Выбрать главу

– Ваш благородь, дозволь до дома сбегать, а то там уже и позабыли, какой я есть, не вгадают.

– Беги, – разрешает Кудин. – Только туда, и утром чтоб здесь.

А как домой без гостинца? Хоть чем-то, а нужно порадовать. А была в эшелоне, в одном из вагонов, походная кузня. Иван Тихонович частенько отводил там душу: то сбрую починит, то коней подкуёт. Знал он, что в этой кузне лежит без дела заваленная хламом запасная наковальня. За неё уж никто и не помнит. Разгрёб её и, чтоб не было наглядно, завернул в мешковину. Взял под руку, прикинул на вес, а там всего-навсего – центнер.

Идёт Иван Тихонович по перрону вальяжно, вразвалочку, как на прогулке, чтоб никто не заподозрил, что тяжесть он прёт – даже не кривится; есаулу Кудину при встрече честь отмахнул.

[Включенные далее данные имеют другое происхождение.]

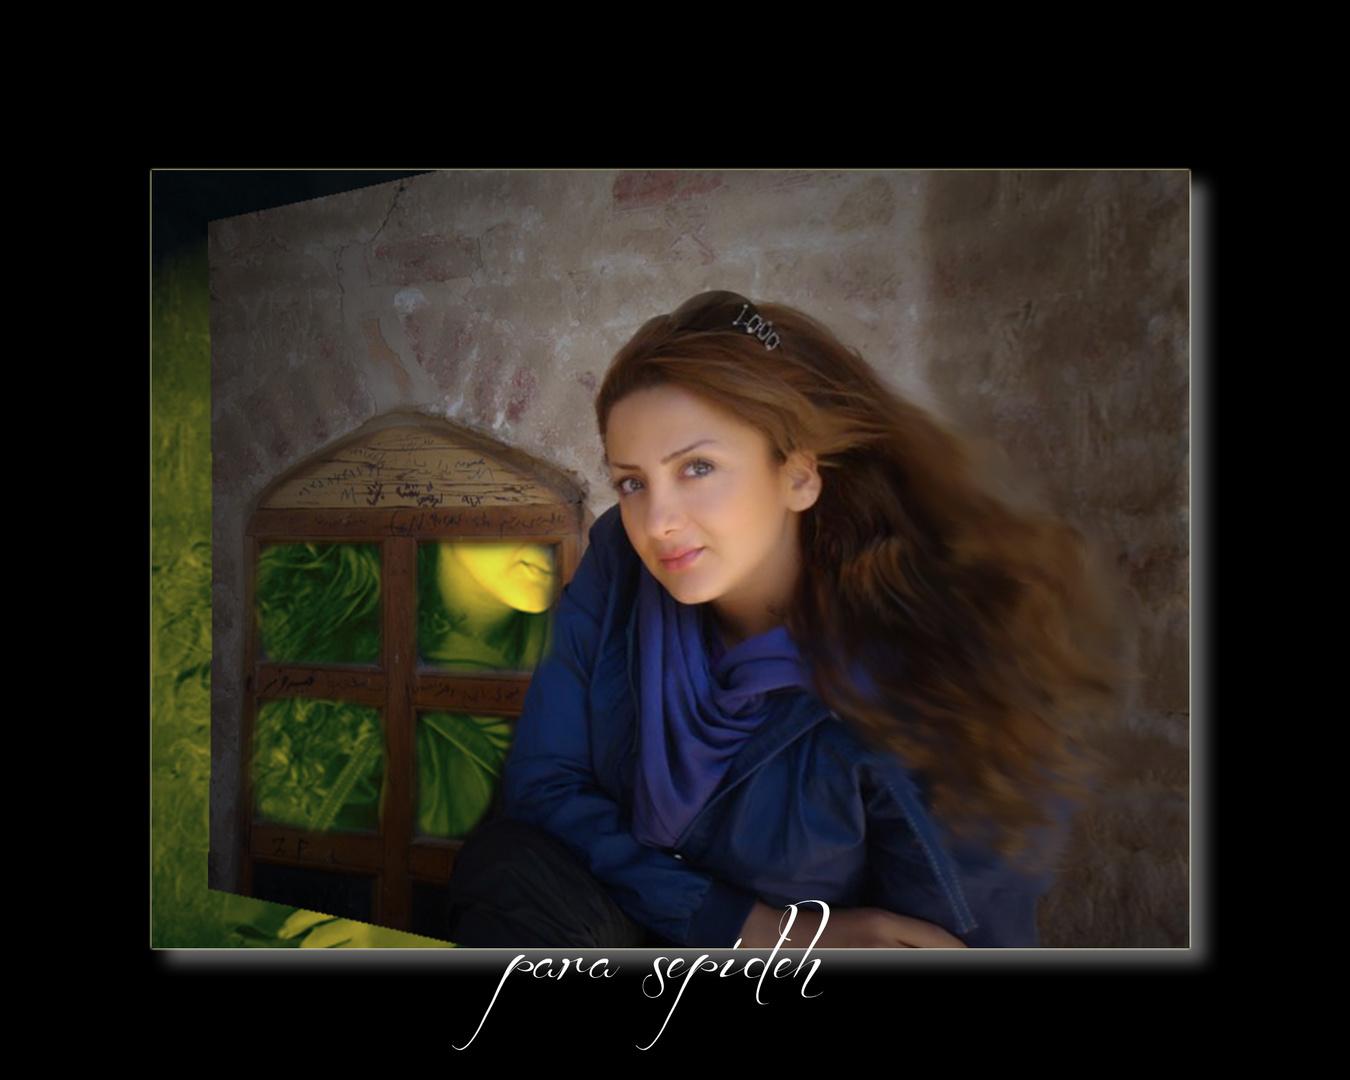 Perhsian girl

«Не заметил», – подумал Иван Тихонович.

«Всё-таки что-то спёр», – догадался Кудин, но тоже не подал вида о своей догадке – сам из таких…

Хорошо хоть до дома недалеко, всего девять вёрст – дотопал Иван Тихонович по-молодецки. Так и прижилась в доме та наковальня.

Докатила гражданская война Иван Тихоновича аж до Новороссийска. Мог бы и дальше катиться, да дома наковальня ждала. Остался. Получил лагерный срок за свои геройства, но через пять лет вышел по амнистии. Приехал домой и наконец-то взялся за дело. Бывало, кто-нибудь спросит: «За что отбывал срок, Иван Тихонович?» А он честно ответит: «За неподчинение решению ревкома. Те приговорили мне сдохнуть, а я не схотел…» Скоро отстроил он кузню, только наладилась жизнь – коллективизация. Вот и уполномоченные на пороге.

– За что ж вы меня кулачите?

– Буржуй – кузницу имеешь.

– Какой же, в чертях, я буржуй, если в своей кузне на весь хутор батрачу?

– Вступай вместе с кузней в колхоз, а то отправим, куда Макар телят не гонял!

Там, где «Макар телят не гонял», он уже побывал. Кому ж охота за Урал путешествовать. Вступил. С тех пор и работал за трудодни в своей кузне. Герой с малечку был при нём, всё ремесло постиг.

* * *

Мой двоюродный дядька Сашка – последний выживший из экипажа печально известной атомной подлодки К-19, которую он по старой памяти называл «Хиросимой», видимо, поэтому и прилипло к нему новое имя: «Последний Герой». В чём, собственно, его геройство – никто в хуторе не знал. В одно время я пытался его разговорить, но дядя в таких случаях привычно поправлял бескозырку, хмурился и веско повторял известную фразу:

– Военная тайна. Я подписку дал на сто лет. Вот через сто лет явишься – я тебе всё как есть выложу.

После тяжёлой контузии был он заметно странен или, как говорили в хуторе, чудаковат. Чудинка его с годами становилась всё явственней. И однажды жена его, тётка Наташка, собрав в узел вещи и, забрав их единственную дочь Светку, с которой мы крепко дружили в детстве, съехала с ней в станицу Луганскую к своим престарелым родителя. Герой остался один, но бодрости духа не терял и даже вёл кой-какое хозяйство. Всякой живности, обитающей в его дворе, он, не тая своих политических пристрастий, давал соответствующие имена. Так, поросёнка он звал Жириком, а кобеля называл Звиганом. Сложнее было с коровой, которая досталась ему в наследство от матери. Пока корова была резва и норовиста, он в память о своём боевом корабле звал её Хиросимой, а когда она постарела, охромела, потеряла рог и две дойки, Герой нежно стал называть её Хакомадой.

Иван Тихонович умер еще тогда, когда Герой служил на своей «Херосиме», и колхозная кузня с тех пор стояла пустой. Зынченко не раз кликал вернувшегося Героя принять кузню, но у того вдруг проснулась единоличная жилка. В своём сарае слепил он горн, из телячьей шкуры сшил меха и на манер покойного бати спёр из колхозной кузни известную наковальню.

Скоро дядя разжёг горн, и когда он мехами раздувал угли, из трубы неровными струями стал подпригивать дымок, а над хутором поплыли всеми забытые звуки:

– «Тум-динь, тум-динь-дзинь».

Бегу путаться у него под ногами.

«Тум», – бьёт молоток по раскалённому мягкому железу. «Дзинь», – опускается на наковальню. «Тум-тум…» – и железо на глазах приобретает новые формы.